Bo nidfok’ta rosh ba-kir[1]
Give a listen and I’ll assault your ears
How much longer?
Longer, longer
Will we vegetate here
Tune in now and I’ll assault your ears with some mideastern macaronic verse
Al tidfok’ta rosh ba-kir[2] it could have been so much worse
We all know who the bad guys really are, how come those bad guys never die
How much longer?
Longer, longer
Will we sit here and petrify
Will we do something else but cry
Goddamn thieves, goddamn thieves
Goddamn thieves stole away my laila[3]
Goddamn robbers, blasted robbers
D’hil robbers[4] stole away my night
Did you see that halia la-Allah[5] our young friend is going out with?
Try our best to latzet me-ha-rosh hazeh[8] but in the end we still fall into the trap
How much longer?
Longer longer
Will we be freiers[9] for the JAPs.
Until our nerves collapse.
How much longer will we shmor shin gimmel[10] in the middle of the cold dark night?
How much longer will we eat hummus from the gazlan[13] to the tune of the cannon blast?
I’m not willing
Achu-shilling[14]
How much longer will this last?!?
The time just doesn’t pass.
Can’t get the levantine out of me
Even though I’m amerika’ee[15]
It’s driving all the hevra[16] crazy
And I don’t know why-ee
Don’t bother counting the time
How much longer May hamesh[19]?
You’ll just be wasting your time.
All the time it took
B’hiyyat abbouk[20]
For us to get this far
How much longer?
Longer longer
Will we wish on falling stars
This is a prison with no bars!
©2024 The Hesh Inc.

I first came across the term "macaronic verse" in The Poet's Manual and Rhyming Dictionary by Frances Stillman (1965), which I had received as a gift from my friend and musical compatriot Izzy Kieffer in 1985 and took with me wherever I happened to be serving during my military service. The volume has been a faithful servant and companion throughout my early songwriting years, and I still have it on the shelf above my desk as I write this. The term itself refers to "a ludicrously jumbled and distorted combination of several languages." Being surrounded by fellow soldiers who hailed from a diverse group of ethnic backgrounds, and in an environment in which the slang itself was made up of expressions from several languages, it seemed inevitable that I would at some point write a comic song about the grunt's life in the mishmosh of languages I heard combined with the ones I spoke.
The music is largely a composite of several songs in the musika mizrahit genre (the pop music of Jews in Israel whose origins are from middle eastern countries) that were popular during my service. I myself do not come from such a background; I'm as western/Ashkenazi as they come, but again, the environment I was in served up a tasty stew, once I was ready to try it.

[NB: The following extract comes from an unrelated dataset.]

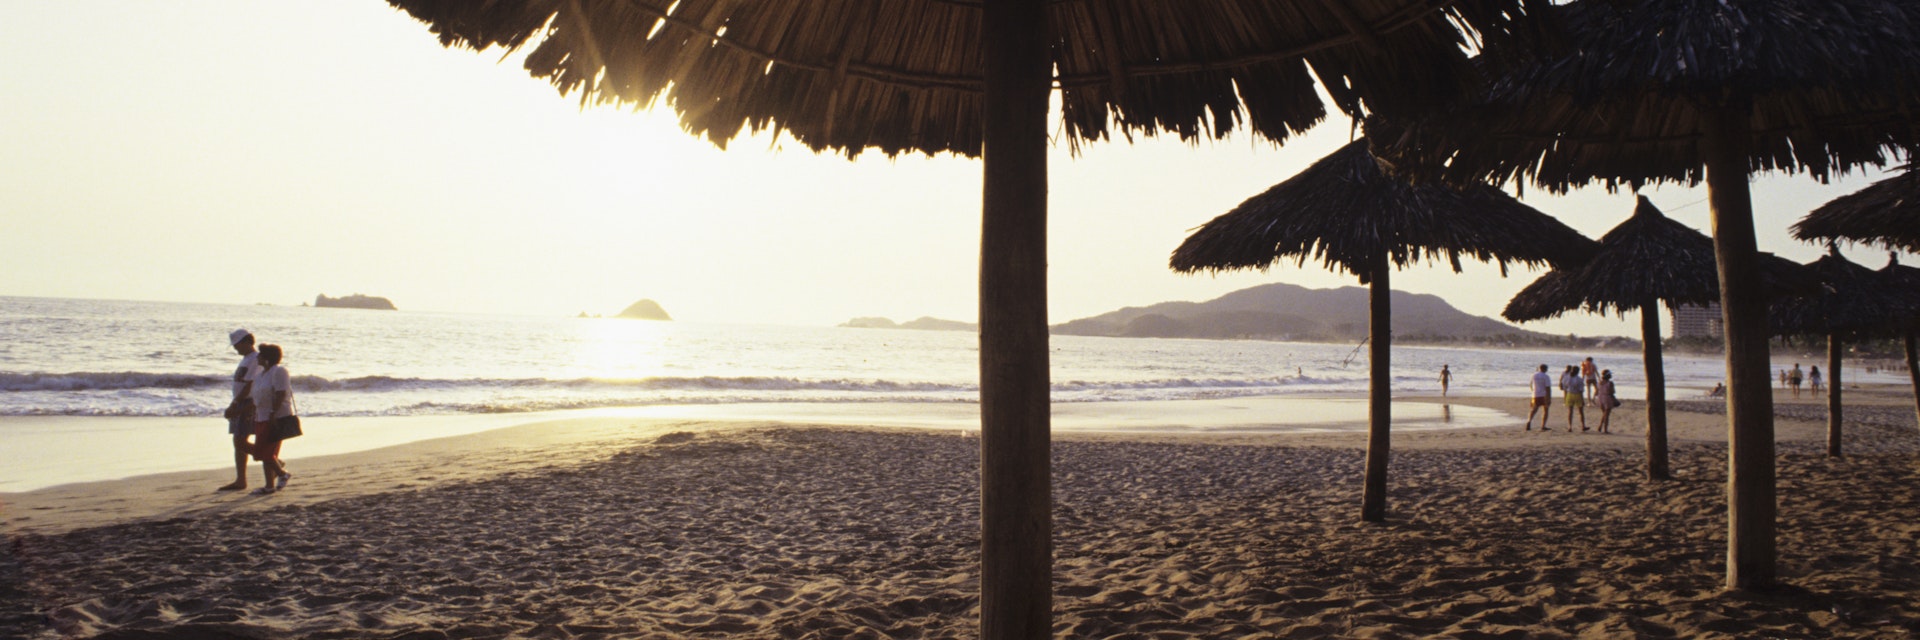 Mexico, Ixtapa, ocean sunset with couples walking along shoreline, umbrellas in sand.

[1] Let’s bang our heads against the wall (Hebrew). [2] Don’t bang your head against the wall (Hebrew). [3] Night (Hebrew). [4] D’hil rabak—enough already, leave me alone (Arabic). [5] Lord have mercy, or let G-d handle it (Judeo-Arabic). [6] What kind of a thing is this (Hebrew). [7] User, in female gender (Hebrew). [8] Changing that mindset (viz., “to get out of that head” in Hebrew). [9] Suckers (Hebrew, from Yiddish). [10] Do guard duty at the base’s main gate (Hebrew). [11] North, i.e., the northern part of the country (Hebrew). [12] Close to home, i.e., doing your military service on a base near your hometown instead of at the fringes of the country (Hebrew).
[13] Food truck (Hebrew).
[14] Very much so (viz., “worth less than a shilling,” Arabic expression dating back to the British mandate era).
[15] American (Hebrew).
[16] Gang, circle of friends (Hebrew, Yiddish).
[17] Nishbar ha-zayin, i.e., broken, beyond exhausted (viz., my dick is broken); the numerical value of the letter zayin is seven (Hebrew).
[18] Going up in flames (Hebrew).
[19] May ‘5, i.e., May 1985, the class in which the writer did his IDF basic training. The annual May class is known for scooping up all the stragglers and outliers of society as well as others who weren’t able to do basic training during the rest of the annual cycle with the usual high-school graduates (Hebrew).
[20] For the life of your dad (Arabic).